*Available data:*
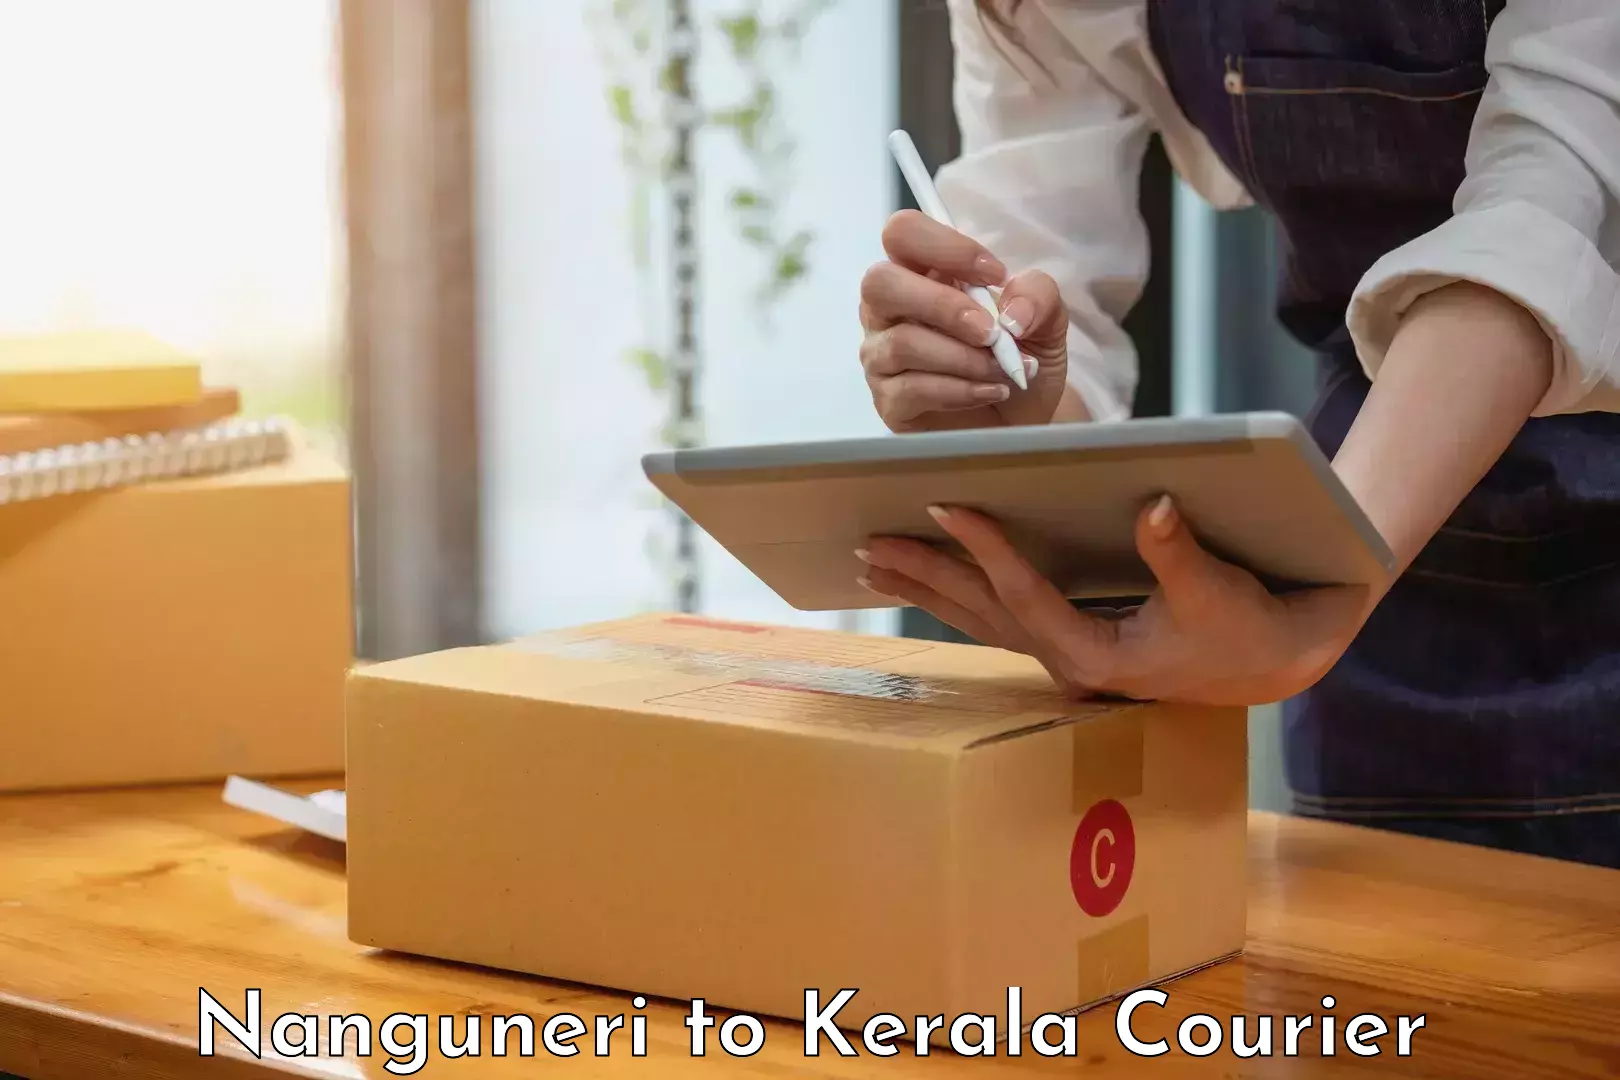 Customer-friendly courier services Nanguneri to Thrissur
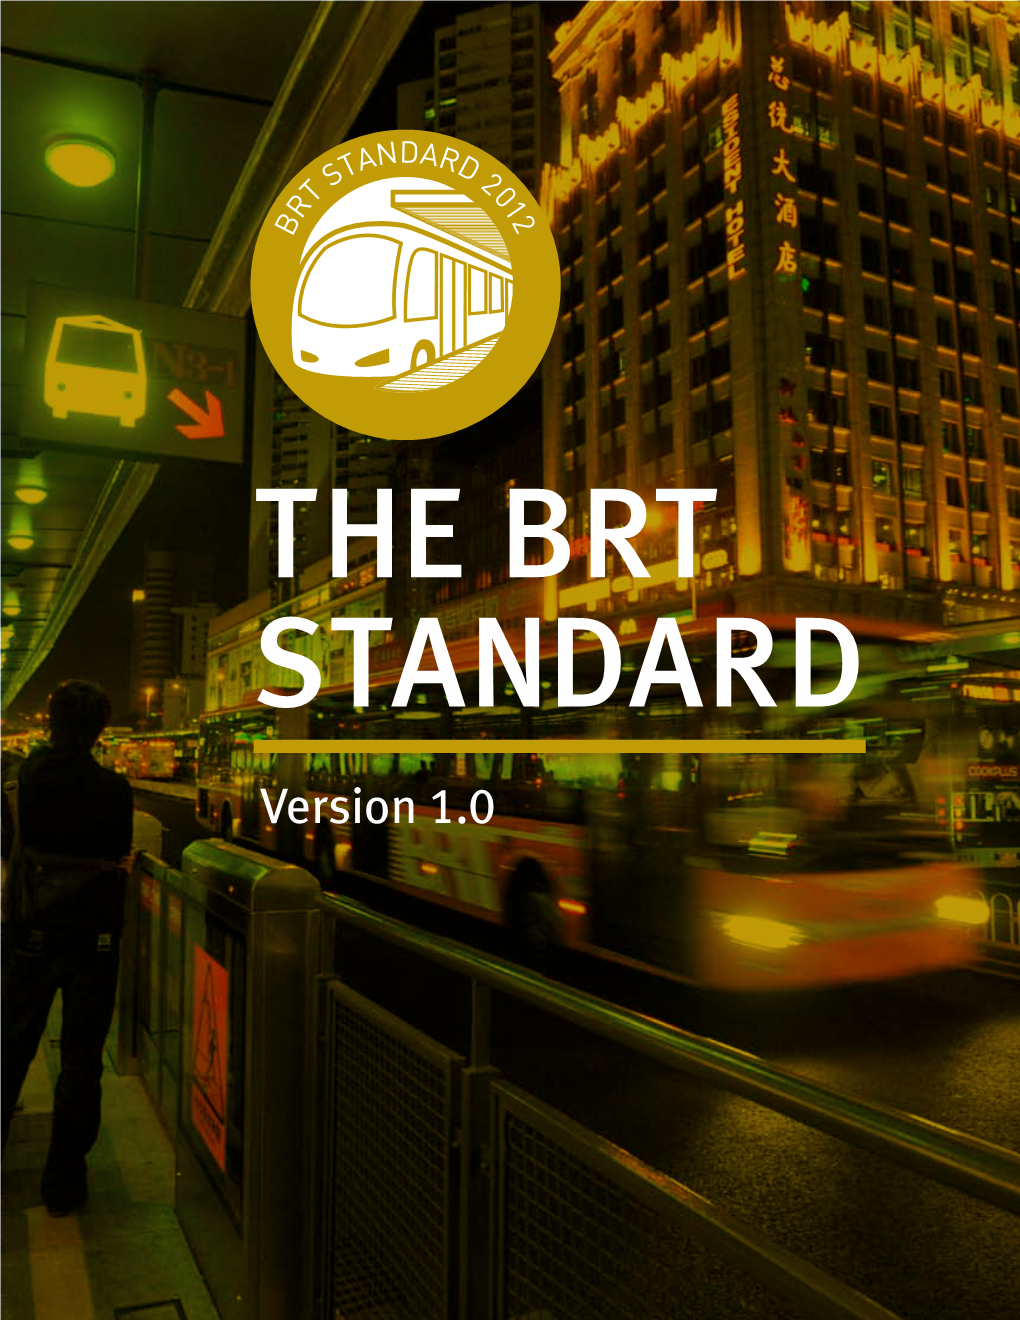 The Brt Standard Version 1.0 the BRT Standard Version 1.0
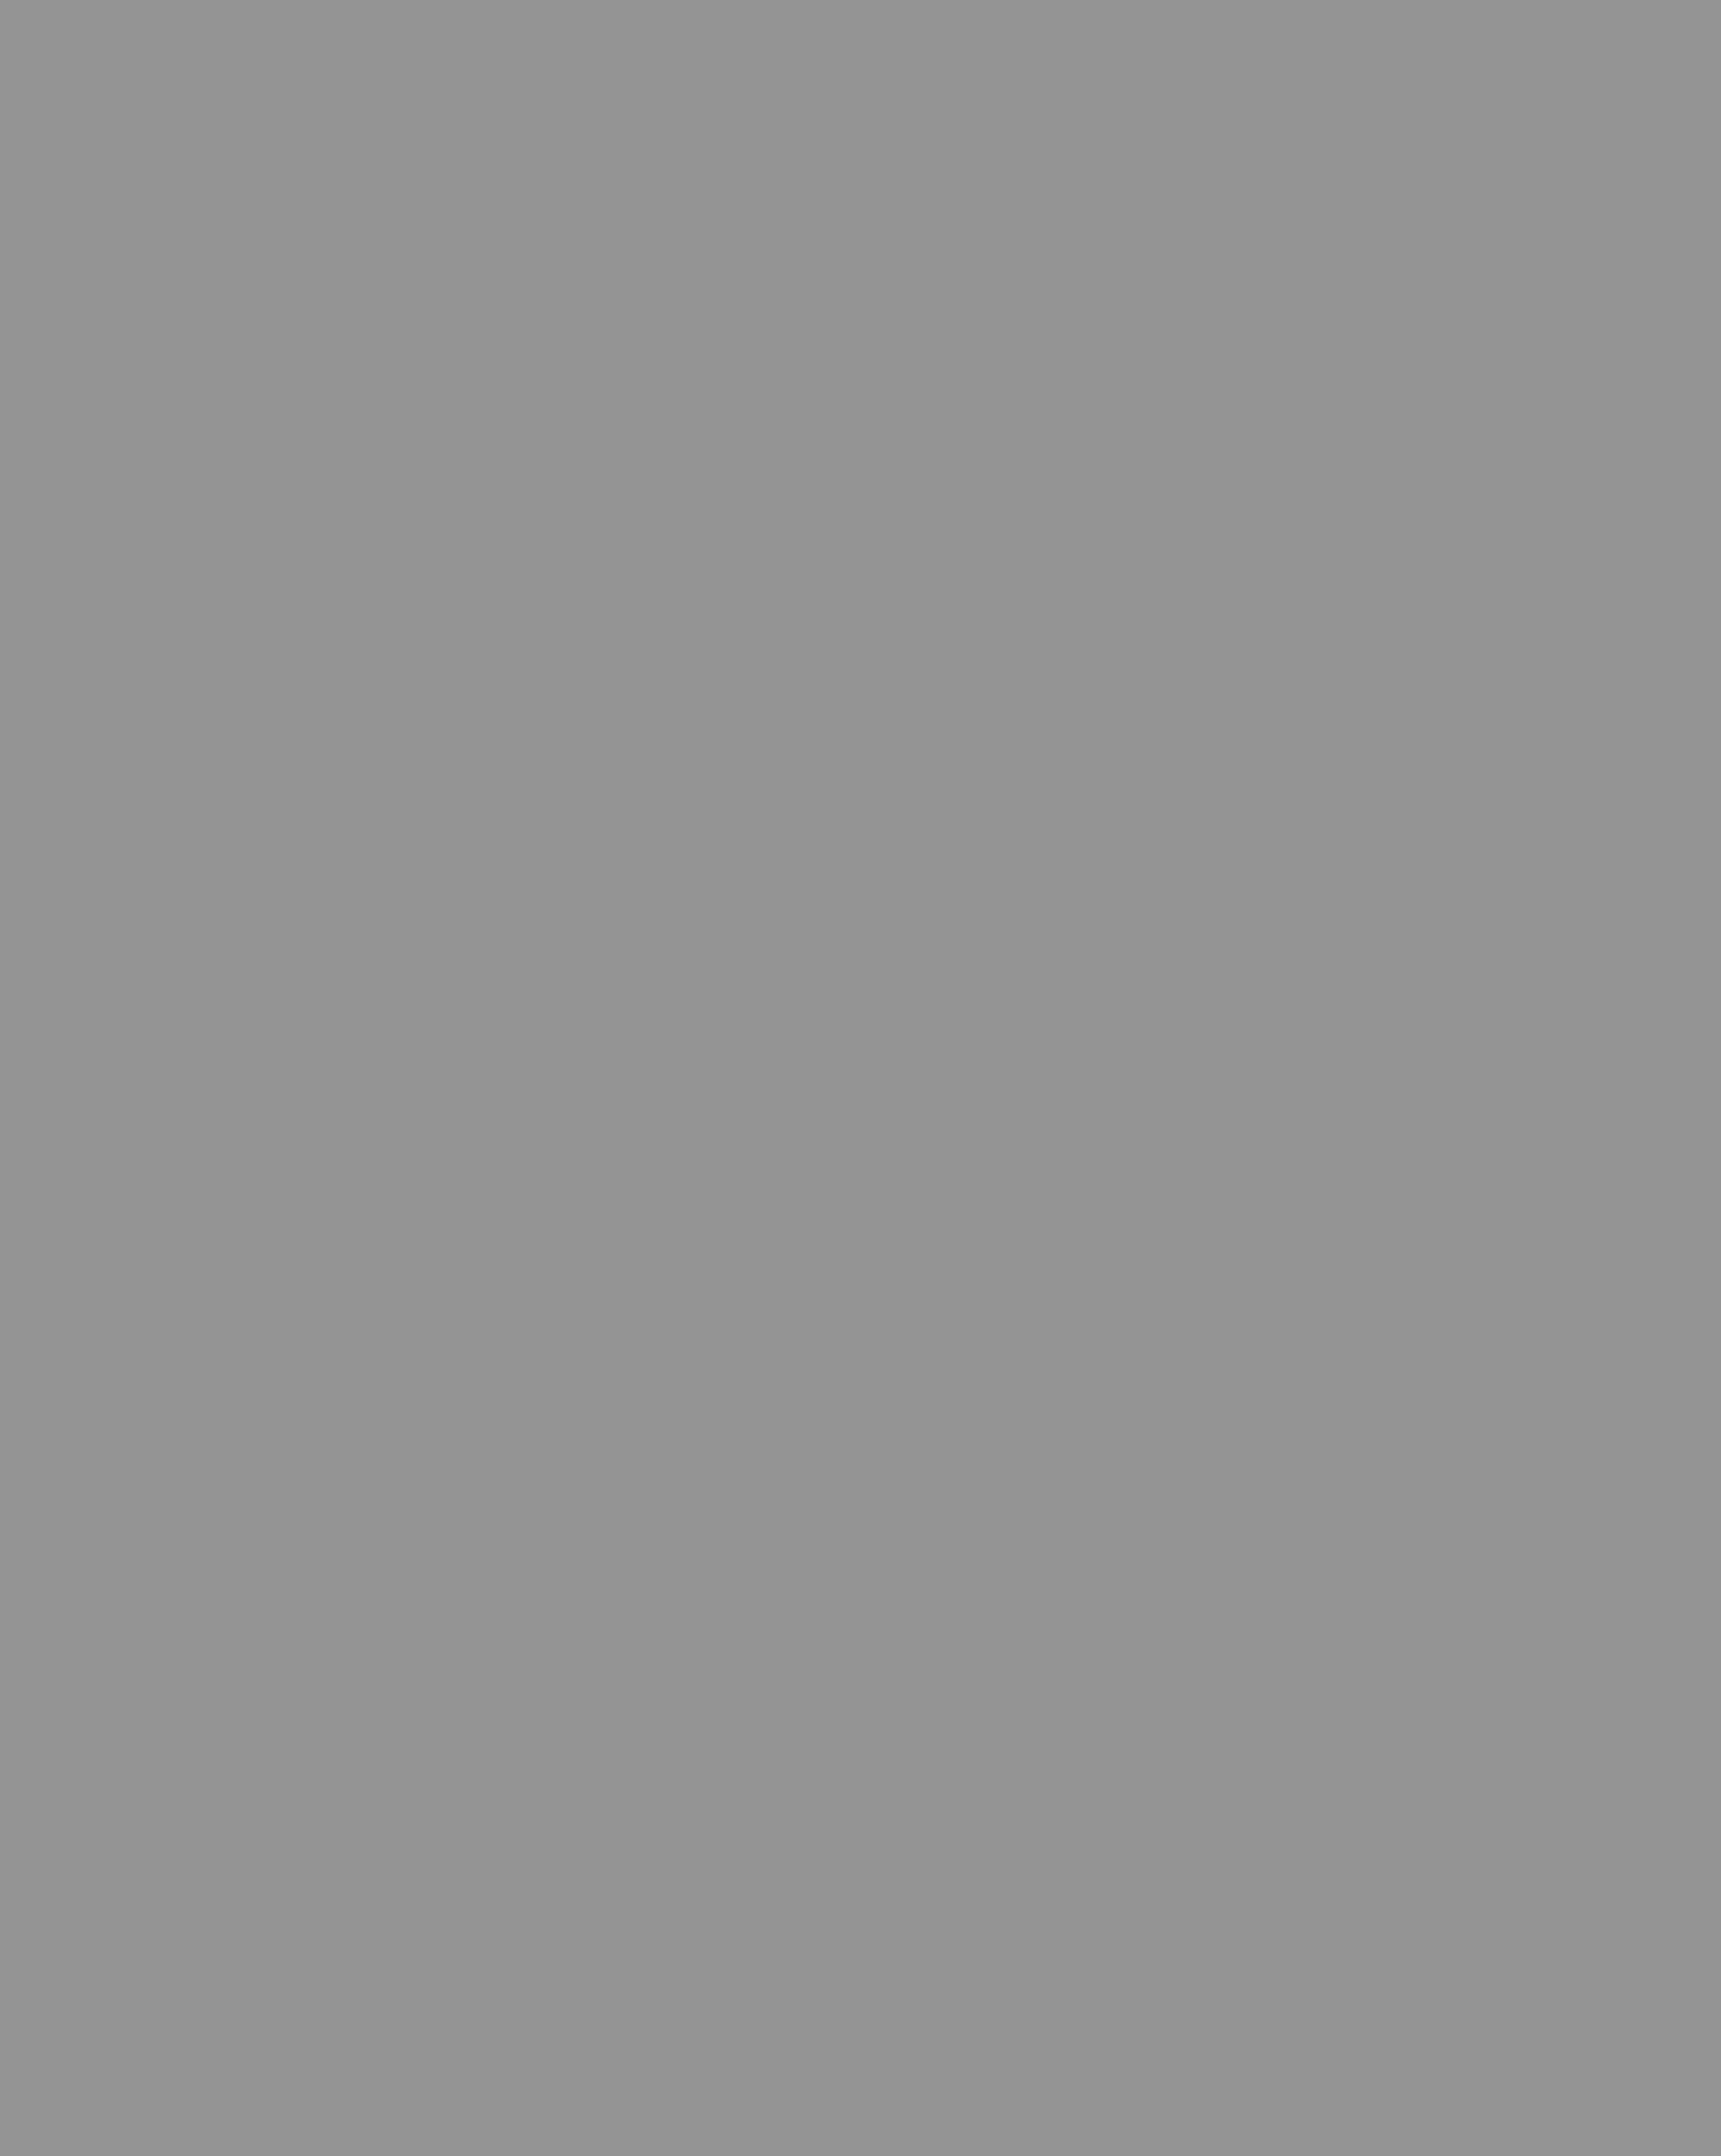 Осип Мандельштам. 1910-е годы. Фотография: Музей «Анна Ахматова. Серебряный век», Санкт-Петербург

*What you are asked to do:* Could the data above be returned in full, exactly, with every image left out?

*Solution to the exercise:*
 Customer-friendly courier services Nanguneri to Thrissur
 The Brt Standard Version 1.0 the BRT Standard Version 1.0
 Осип Мандельштам. 1910-е годы. Фотография: Музей «Анна Ахматова. Серебряный век», Санкт-Петербург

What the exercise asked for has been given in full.